# March Fishing Tips



## Gus Martin (Jan 31, 2017)

Hello fellow fishermen!

It's safe to say it's been a rough winter for me! Haven't gotten into many fish, mostly due to the fact that I can't get out much. Anyways, as we roll into March I am wondering if anyone has tips/suggestions. I almost exclusively bank fish/wade and I'm mainly seeking guidance on what types of fish to target in March (central Ohio). Bait tips/suggestions also greatly appreciated! Also, if anyone ever wants to meet up and fish, just let me know! Always looking to make some new fishing buddies.

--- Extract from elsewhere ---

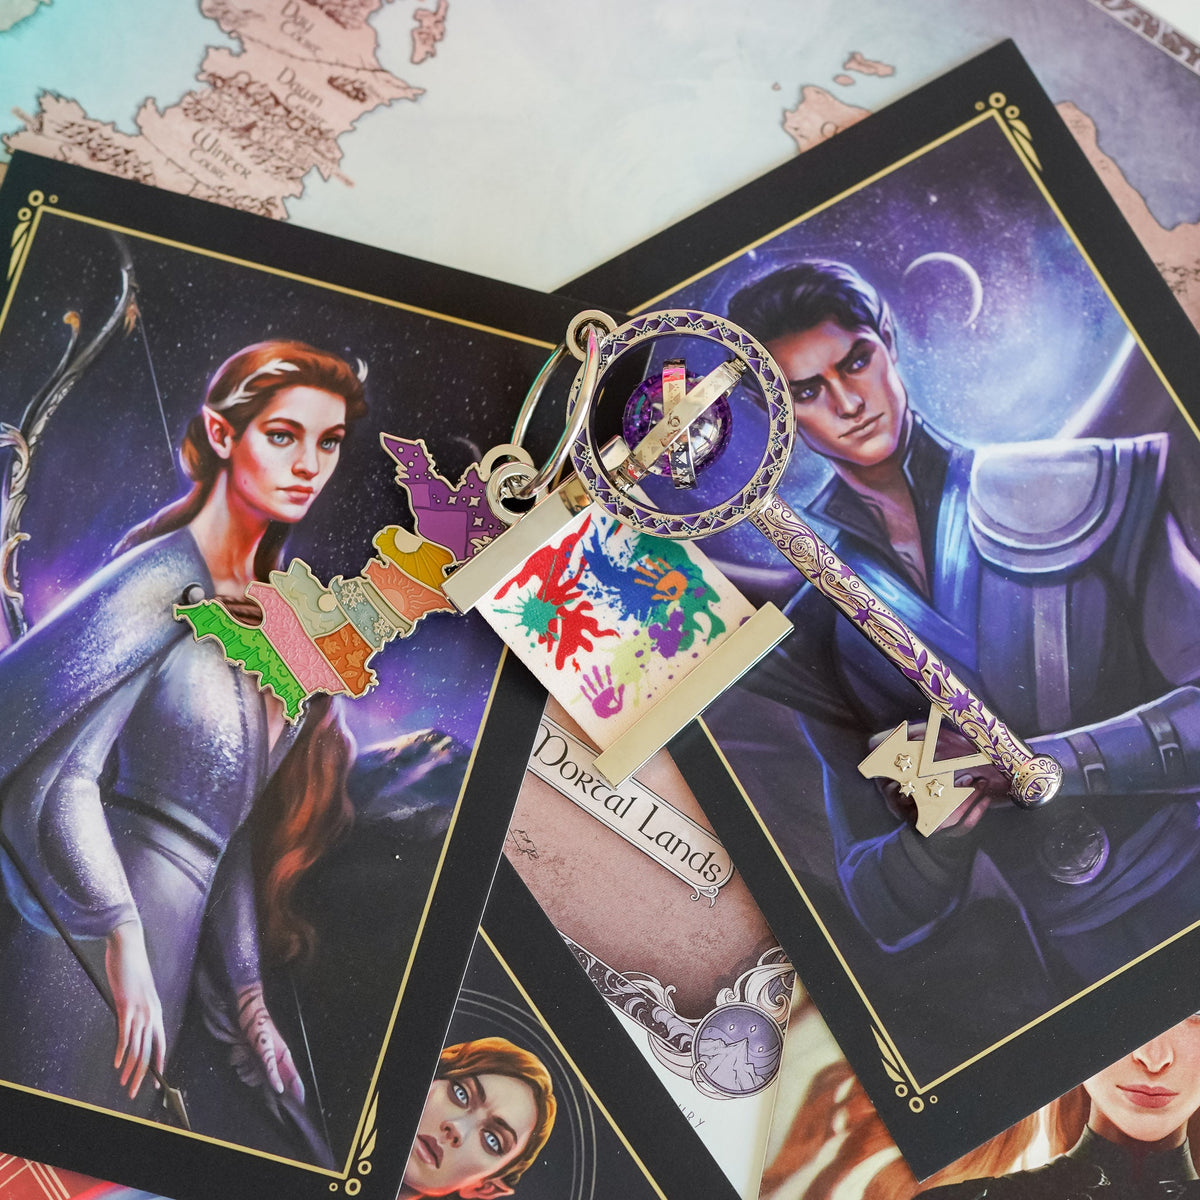 ACOTAR Collectible Key with a glitter bubble, tattoos on the key shaft, a Prythian Courts Charm, and a Canvas Charm

Thanks again guys, appreciate any advice you might be willing to share.

-Gus


----------



## partlyable (Mar 2, 2005)

Gus, if you are shore bound spring is still a great time to get out as many different species can be caught in shallow water as the lakes begin to warm. First species that come to mind is crappie. Try one of the shallower lakes after 2-3 days of warm weather and you may be surprised how good the action can be. Bass also should be coming in during those warming periods as well. Typically look for the wind blowing warm surface water into bays or points on the north or east side of a lake in march. I am sure you could catch saugeye as well if you follow slims advice. I personally have never done well on saugeye so someone else would have to point you in the right direction for them. I am sure you will get many more responses to your question. If you have any specific questions pm me and I can try and give you more information.


----------



## Chris Martin (Jan 9, 2017)

i have mainly gone for bass. Catfishing a little but no luck. But did some pond hopping throwing a blue fox/ mepps. Caught nothing big just little Dinks.


----------



## Dovans (Nov 15, 2011)

Saugeye, Buckeye Lake, or Deer Creek Spillway. Wont be long and the White Bass will running up the creek too. Simple 1/8th ounce jig with White or Chartuse plastic. (such as a grub or Joshy swimbait)


----------



## Gus Martin (Jan 31, 2017)

partlyable said:


> Gus, if you are shore bound spring is still a great time to get out as many different species can be caught in shallow water as the lakes begin to warm. First species that come to mind is crappie. Try one of the shallower lakes after 2-3 days of warm weather and you may be surprised how good the action can be. Bass also should be coming in during those warming periods as well. Typically look for the wind blowing warm surface water into bays or points on the north or east side of a lake in march. I am sure you could catch saugeye as well if you follow slims advice. I personally have never done well on saugeye so someone else would have to point you in the right direction for them. I am sure you will get many more responses to your question. If you have any specific questions pm me and I can try and give you more information.


Thanks for all of the info partlyable, very helpful  I'll be sure to pm with specifics! 

Also, Dovans, thanks for that tip.. I'd love to get on some saugeye, also, there's nothing like hitting the white bass run! Thanks for the reminder man. 

Chris, thanks man. I'll have to bust our my inline spinners


----------